(Input data)
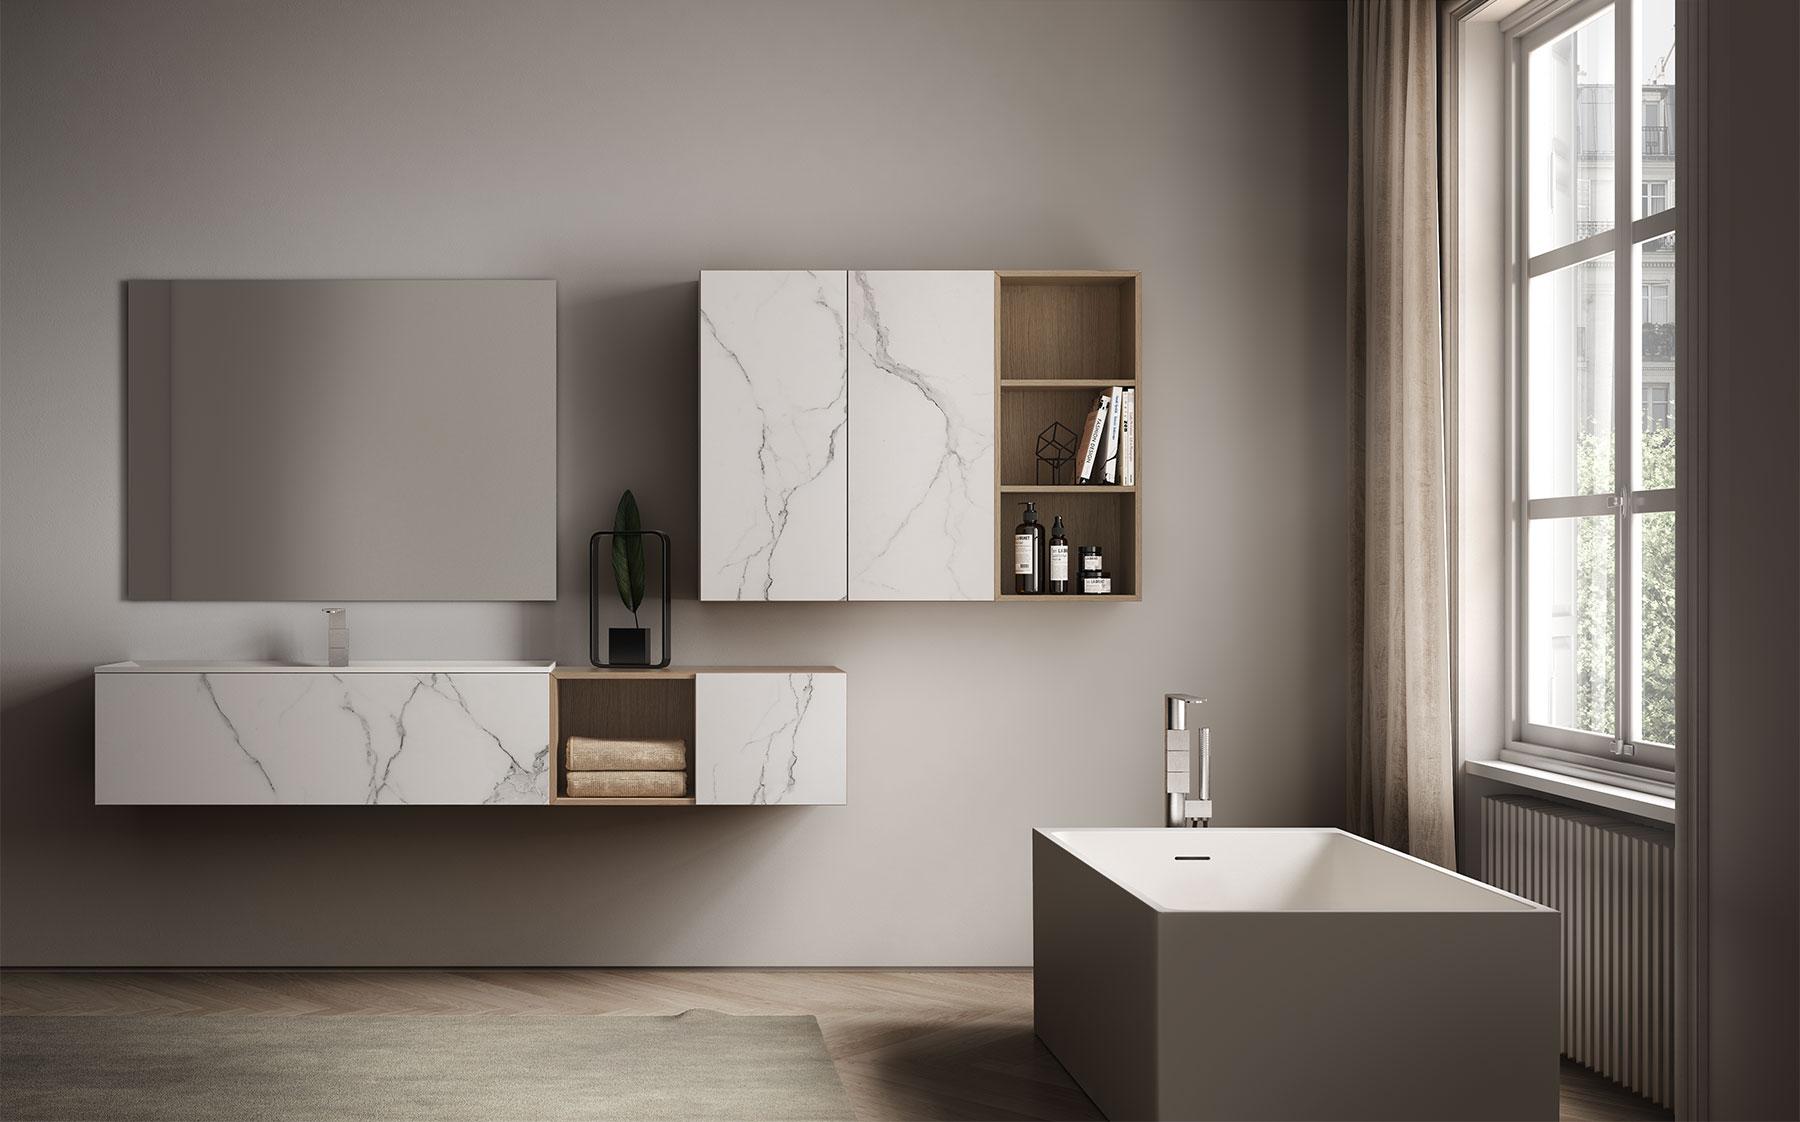 Bagno Lilla E Rosa : Dogma: moderne badezimmermöbel für luxuriöse badezimmer ideagroup
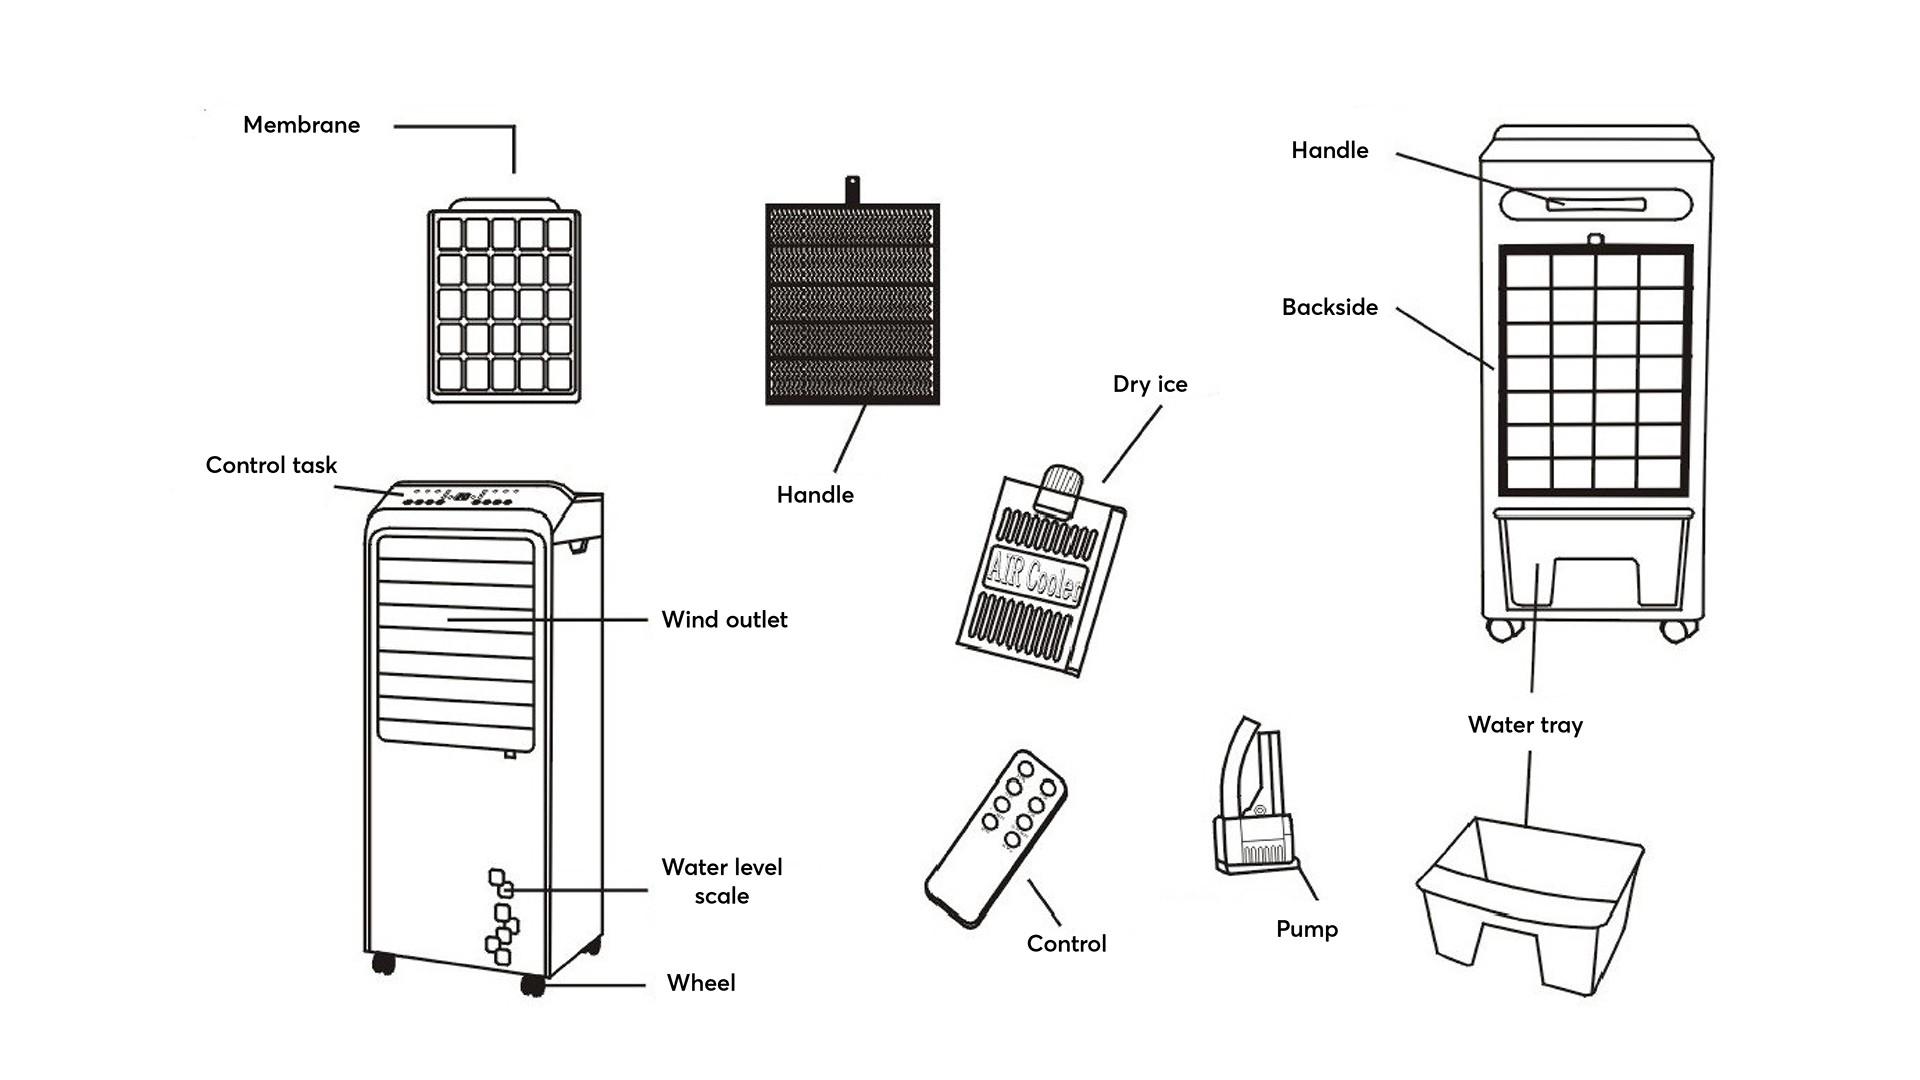 2-way-air-conditioning-fan-karofi-kac-020hr-5
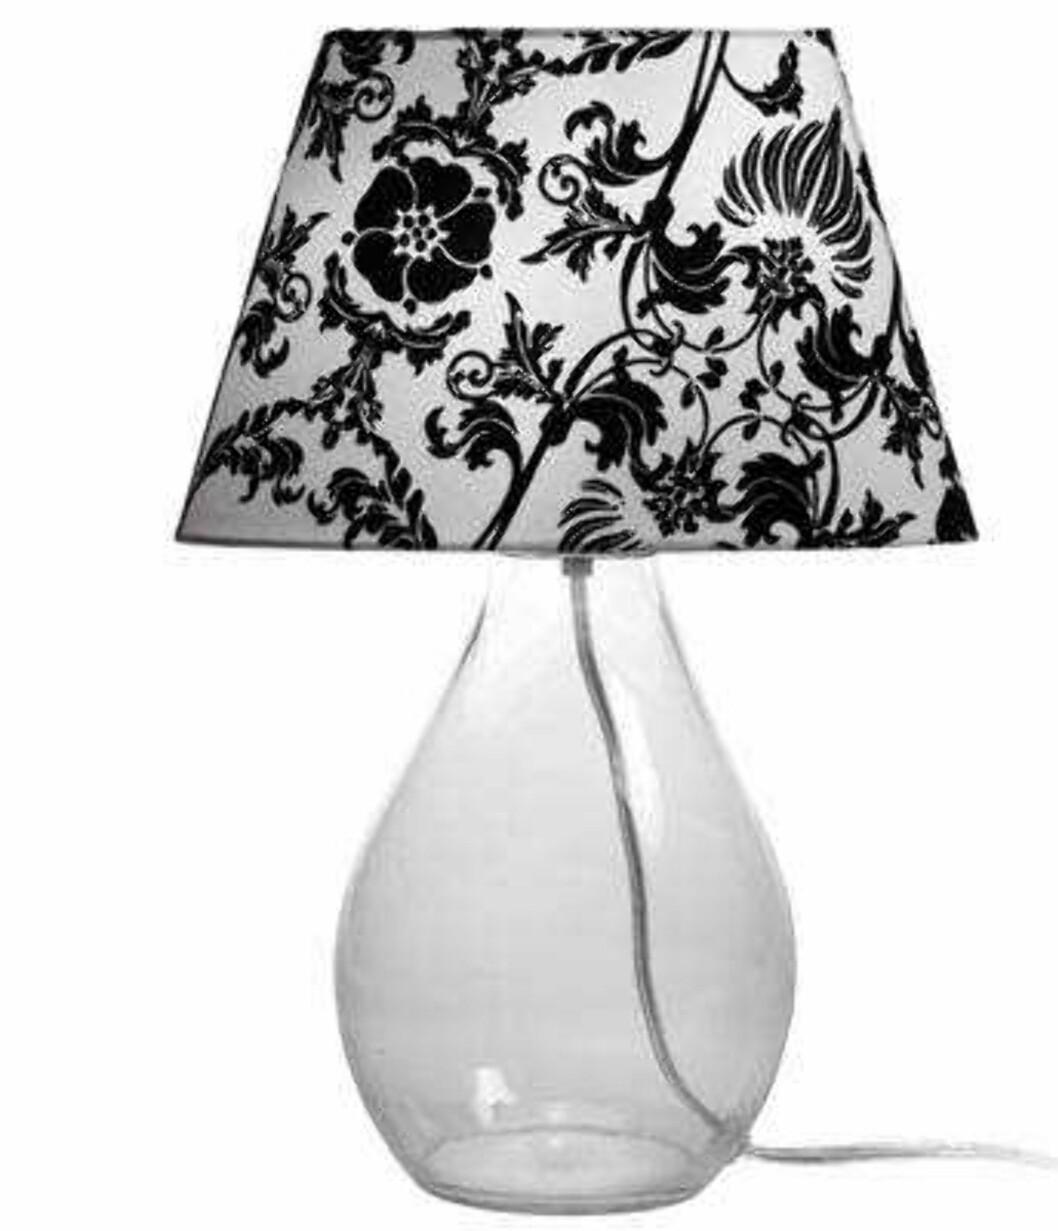 Lampe med grafisk blomstermønster (ca kr 155, Åhlens).
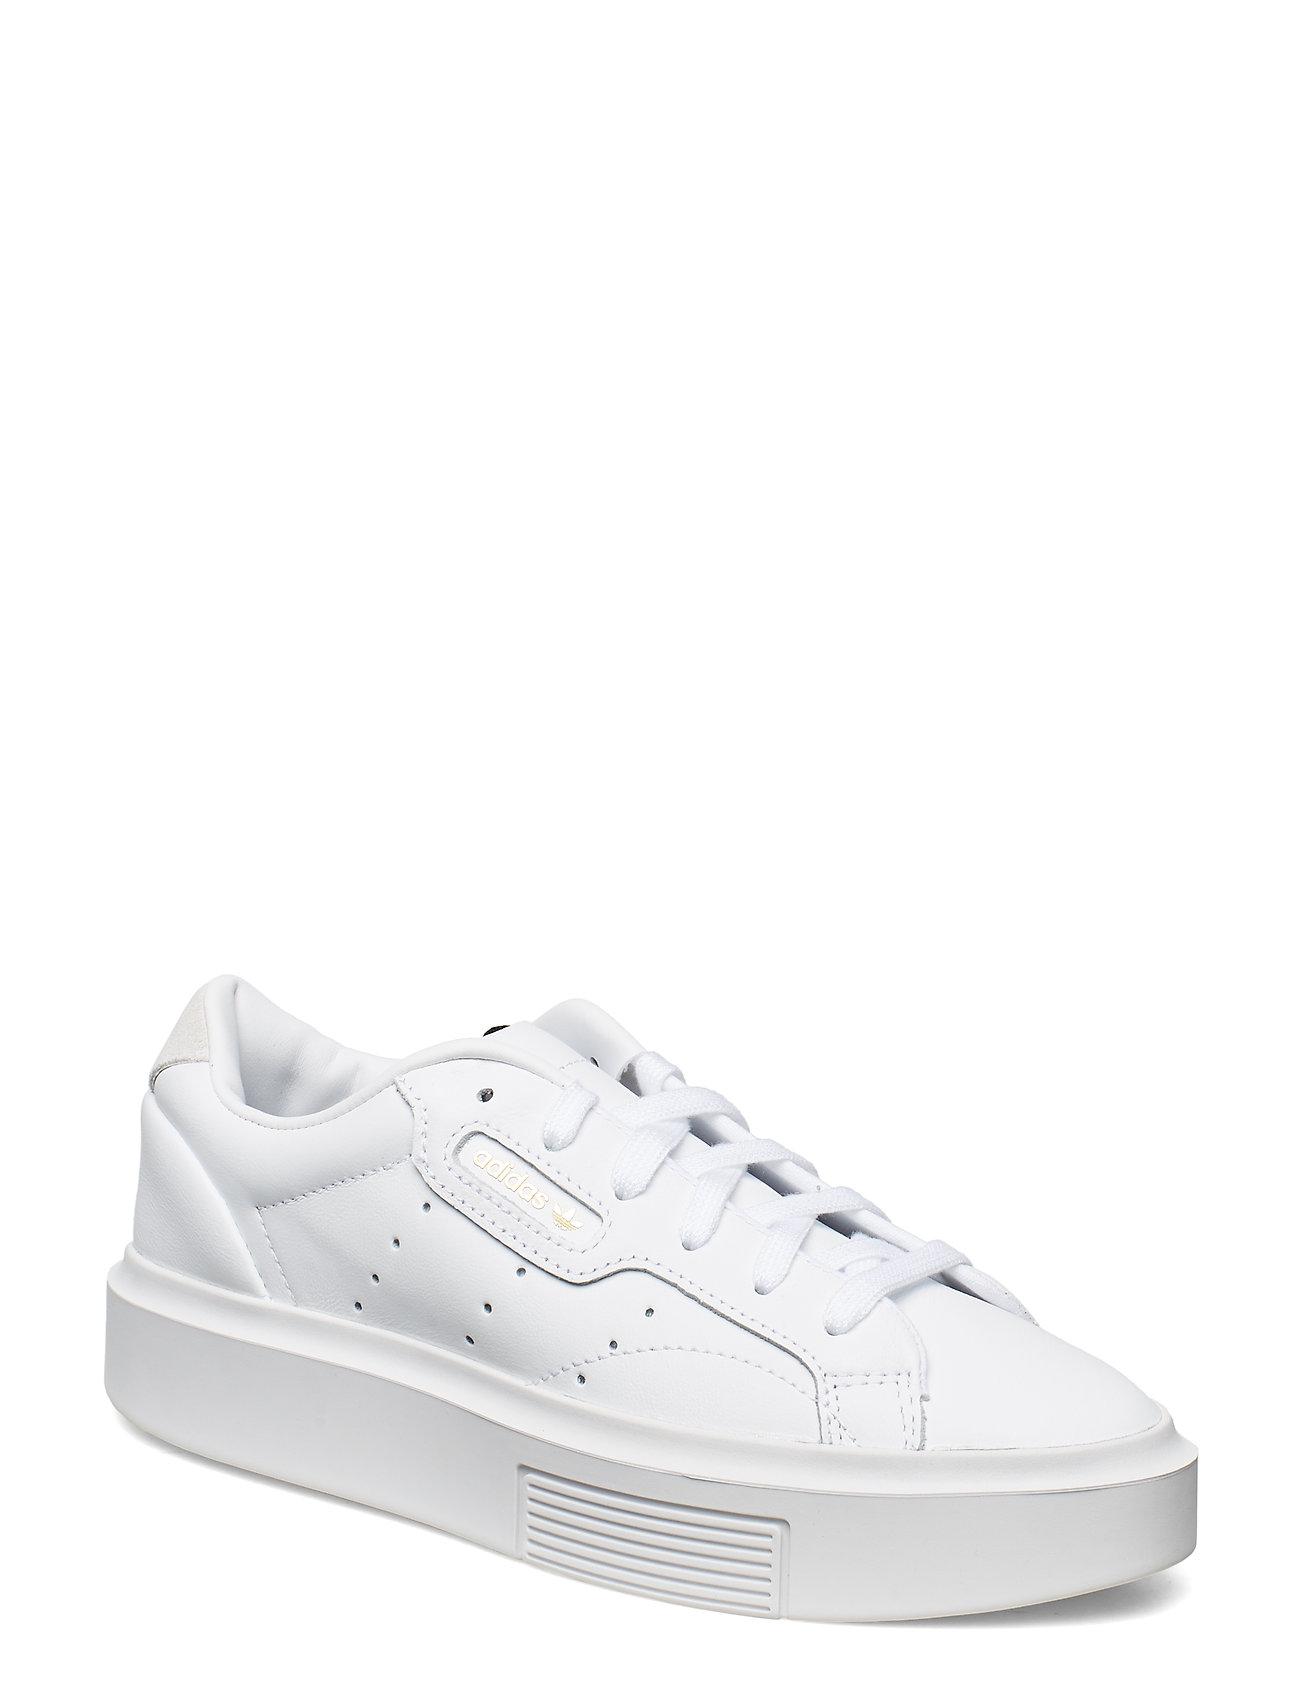 Udsalg Tilbud Dame og Herre Adidas Originals Sko Billige Køb
(End Input data)
**Prompt:**
Exact repetition of the material above is required, with the images removed.

**Result for this task:**
 Bagno Lilla E Rosa : Dogma: moderne badezimmermöbel für luxuriöse badezimmer ideagroup
 2-way-air-conditioning-fan-karofi-kac-020hr-5
 Lampe med grafisk blomstermønster (ca kr 155, Åhlens).
 Udsalg Tilbud Dame og Herre Adidas Originals Sko Billige Køb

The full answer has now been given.